____ Data extract
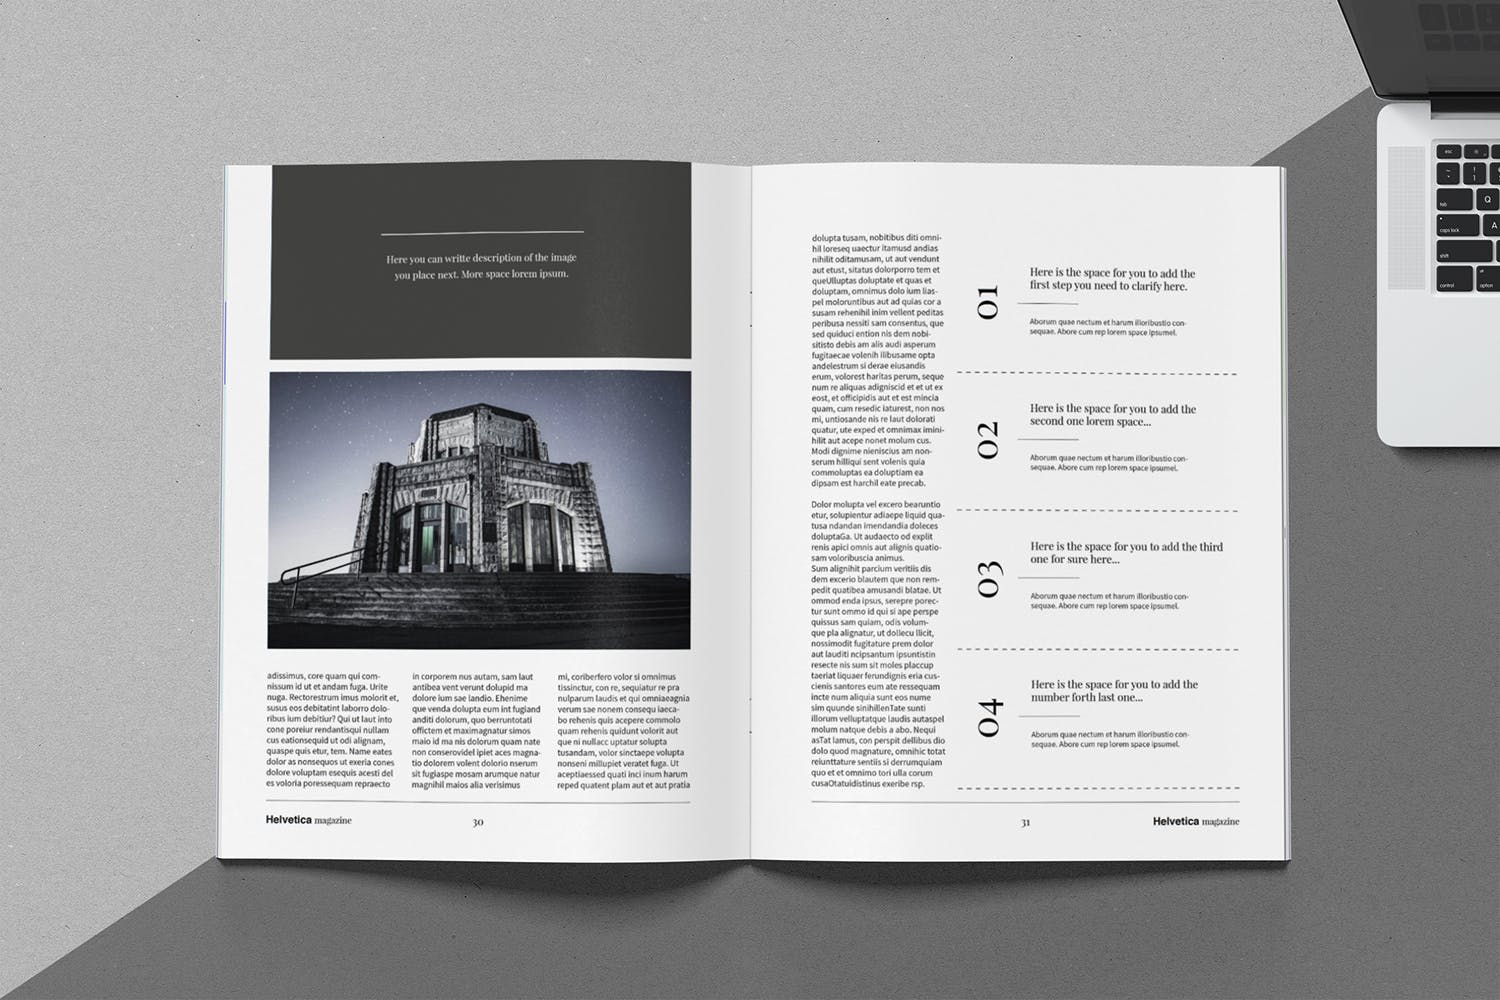 时尚行业产品评测杂志Indesign模板下载 Helvetica Magazine Indesign Template插图(12)
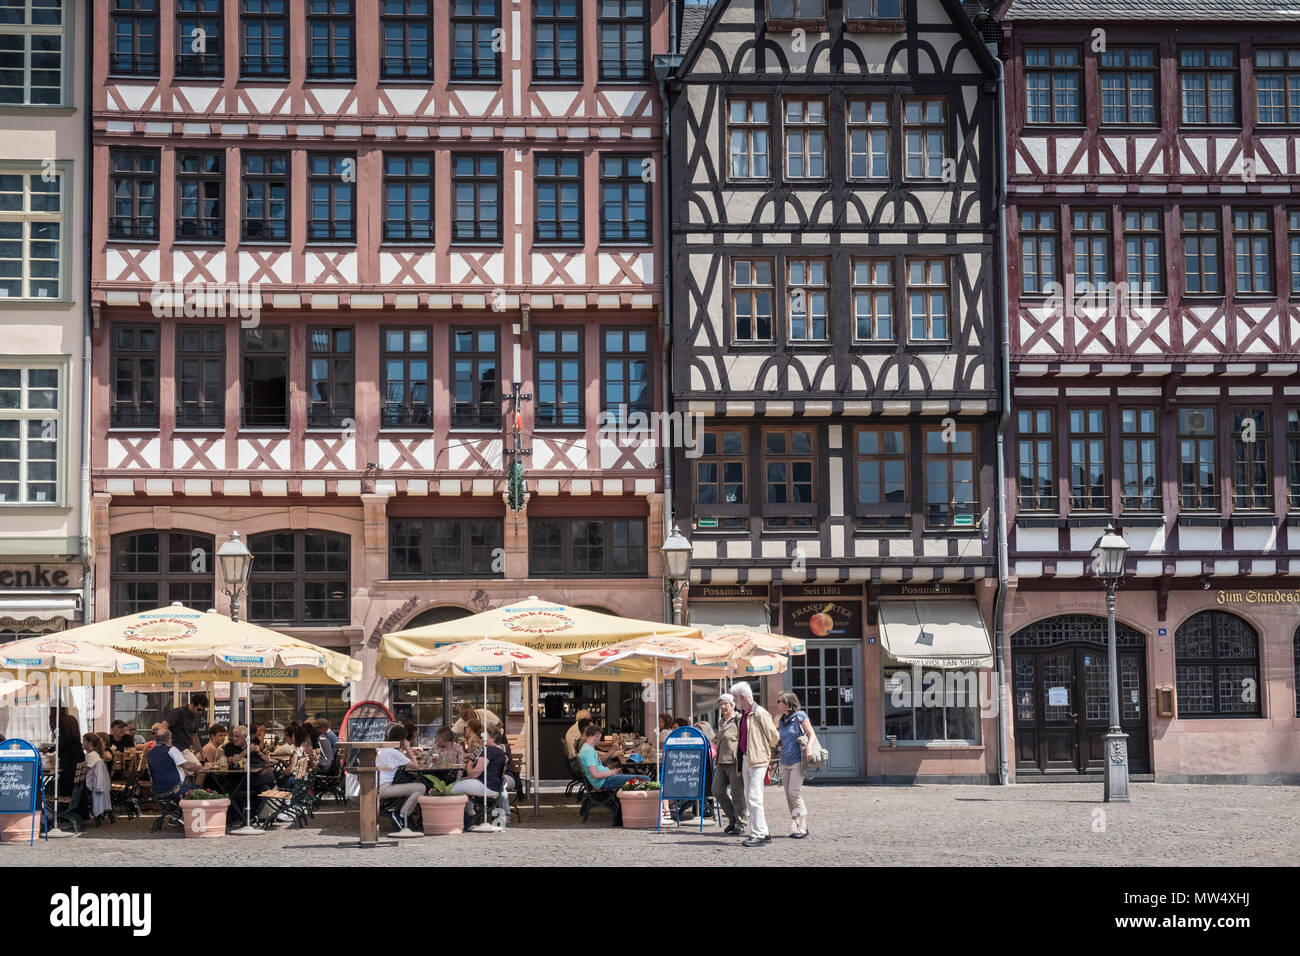 Traditionelle Fachwerkhaus Gebäude, Teil der Restaurierungsarbeiten in der historischen Altstadt (Altstadt), Römerberg, Frankfurt am Main, Hessen, Deutschland. Stockfoto
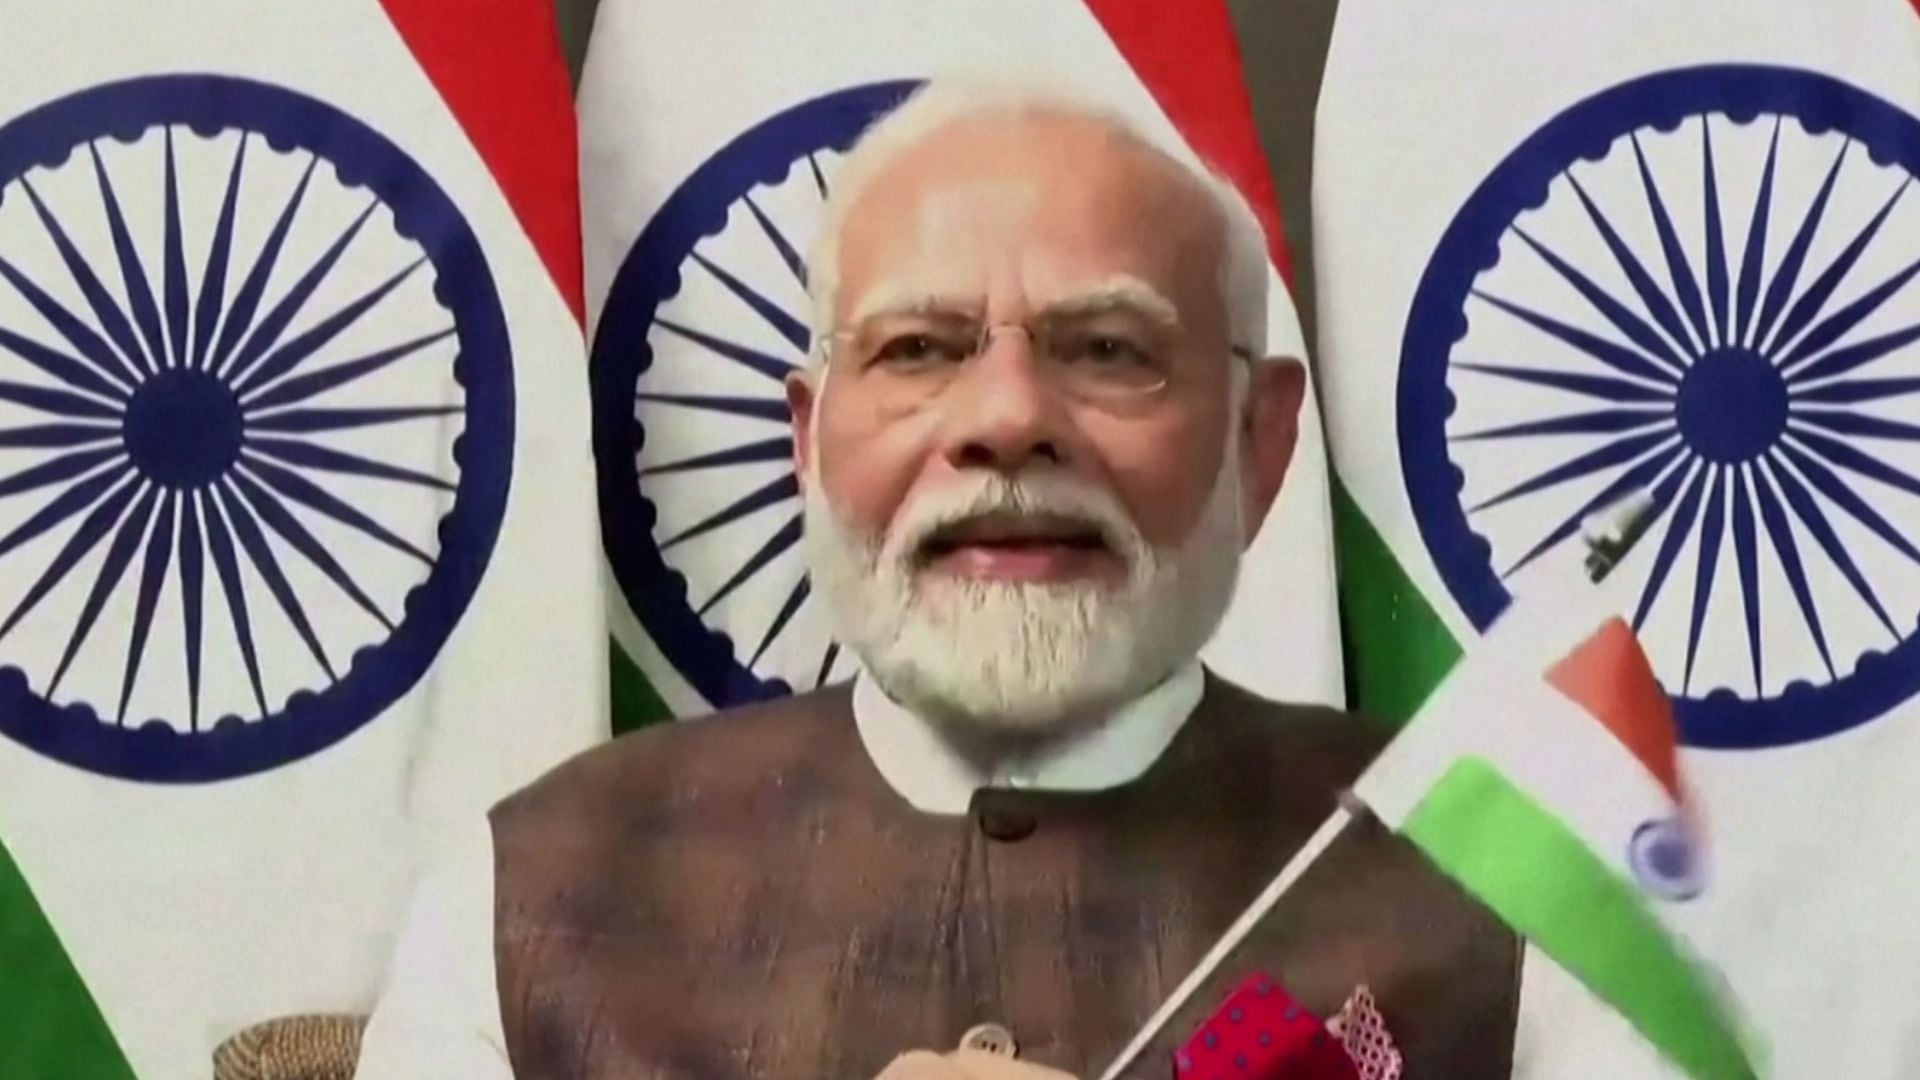 El primer ministro de la India, Narendra Modi, quien se encuentra en Sudáfrica para la cumbre de líderes de los BRICS, interrumpió su agenda para seguir el alunizaje en línea (ISRO)
________
:: Required action ::
Transcribe all the data word for word; the images stay out.

:: Exercise answer ::
 时尚行业产品评测杂志Indesign模板下载 Helvetica Magazine Indesign Template插图(12)
 Traditionelle Fachwerkhaus Gebäude, Teil der Restaurierungsarbeiten in der historischen Altstadt (Altstadt), Römerberg, Frankfurt am Main, Hessen, Deutschland. Stockfoto
 El primer ministro de la India, Narendra Modi, quien se encuentra en Sudáfrica para la cumbre de líderes de los BRICS, interrumpió su agenda para seguir el alunizaje en línea (ISRO)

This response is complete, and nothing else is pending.